Pégase (35 thermal megawatts), a nuclear research and test reactor, commissioned at Cadarache in 1963. It is an atomic pile where tests are conducted on fuels for gas-cooled reactors.
The Pégase reactor’s pool was converted in 1980 to store 2,703 containers containing 64 kg of plutonium.
Here are the sources of what follows:
http://www3.nhk.or.jp/news/genpatsu-fukushima
http://allthingsnuclear.org/tagged/Japan_nuclear


Each joint element (see above) weighs 170 kg and contains 60 "pencils." The storage pool of reactor No. 3 contained as much highly toxic "used" fuel as... its core.
Below is an image broadcast by Japan's NHK, indicating that watering (with seawater) must be done at a height of 22 meters.
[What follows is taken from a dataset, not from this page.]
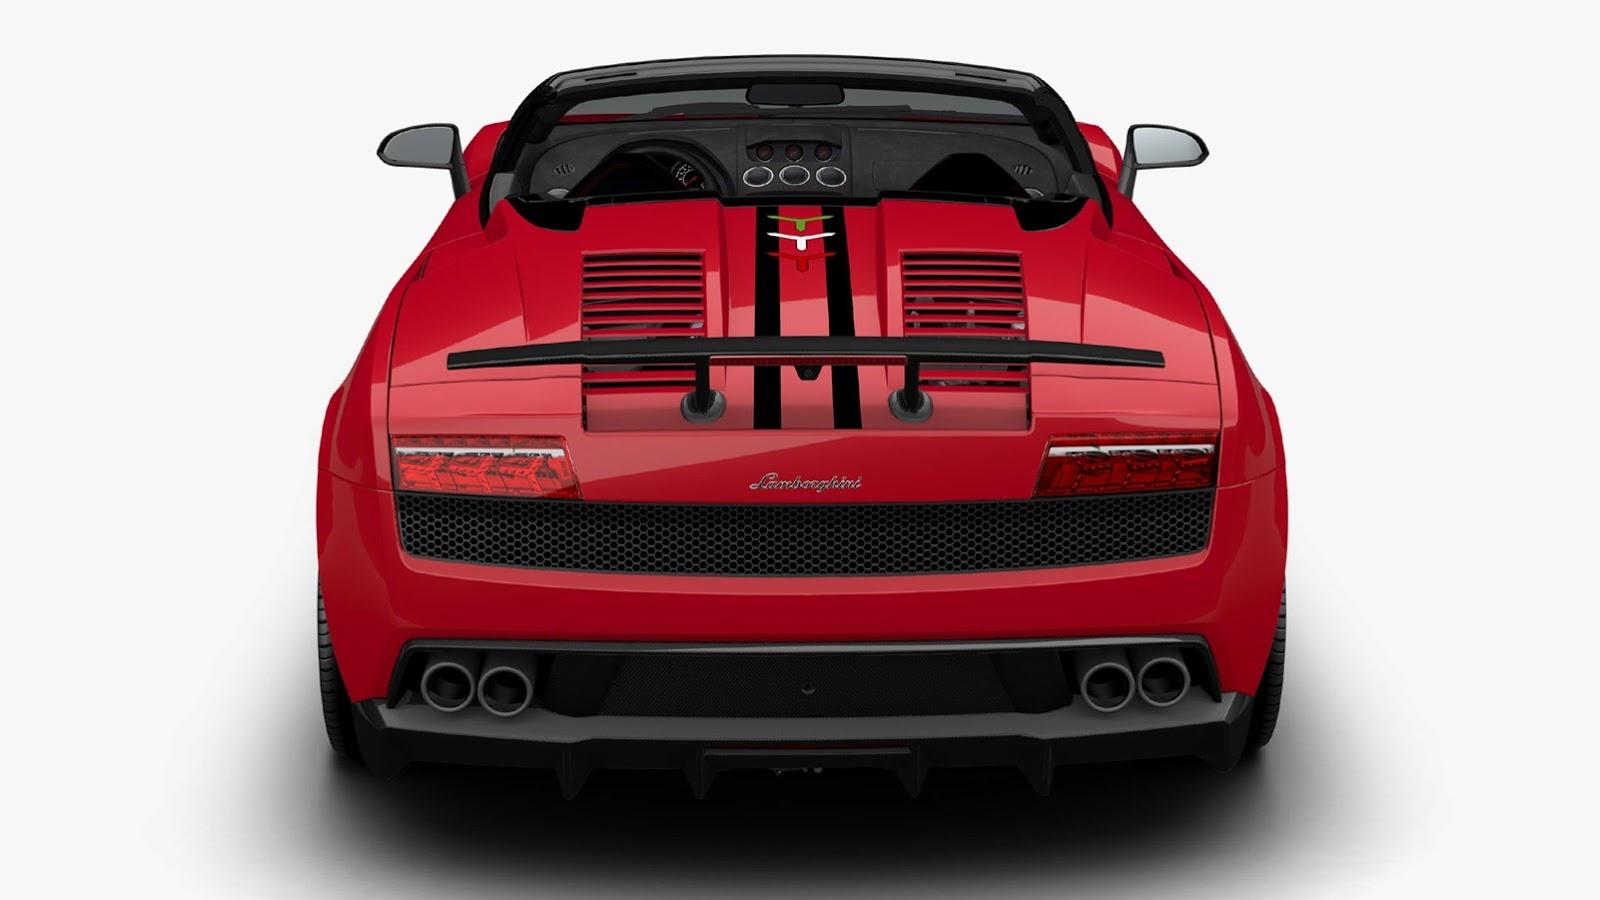 Lamborghini_Gallardo_Performante_Edizione_Tecnica_Rear

Watering Japanese reactors requires projecting (seawater) to a height of 22 meters (source: Japanese TV NHK)
** **Watering crane mounted on a mobile vehicle

Test of this watering crane
March 22, 2011: As reported by a reader, it appears to be a remote concrete beam dump, as shown in the photo he sent me (and I thank him):

On the left: a concrete transport truck with its mixer rotating.
Of course, such a pipe can be used to drop water at a height of 22 meters, where cooling would be most effective. If used to flood the reactor beneath concrete, it would be clearly worse. This would mean that cooling of the reactor core—or one of its cores—could be destroyed.
Wait...
We can only hope—for the Japanese—that the situation is not as critical as it appears, when speaking of nuclear (setting aside the fact that the number of victims from this tsunami has reached 20,000 so far).
The fact remains that these events brutally remind us once again of the risks associated with nuclear power.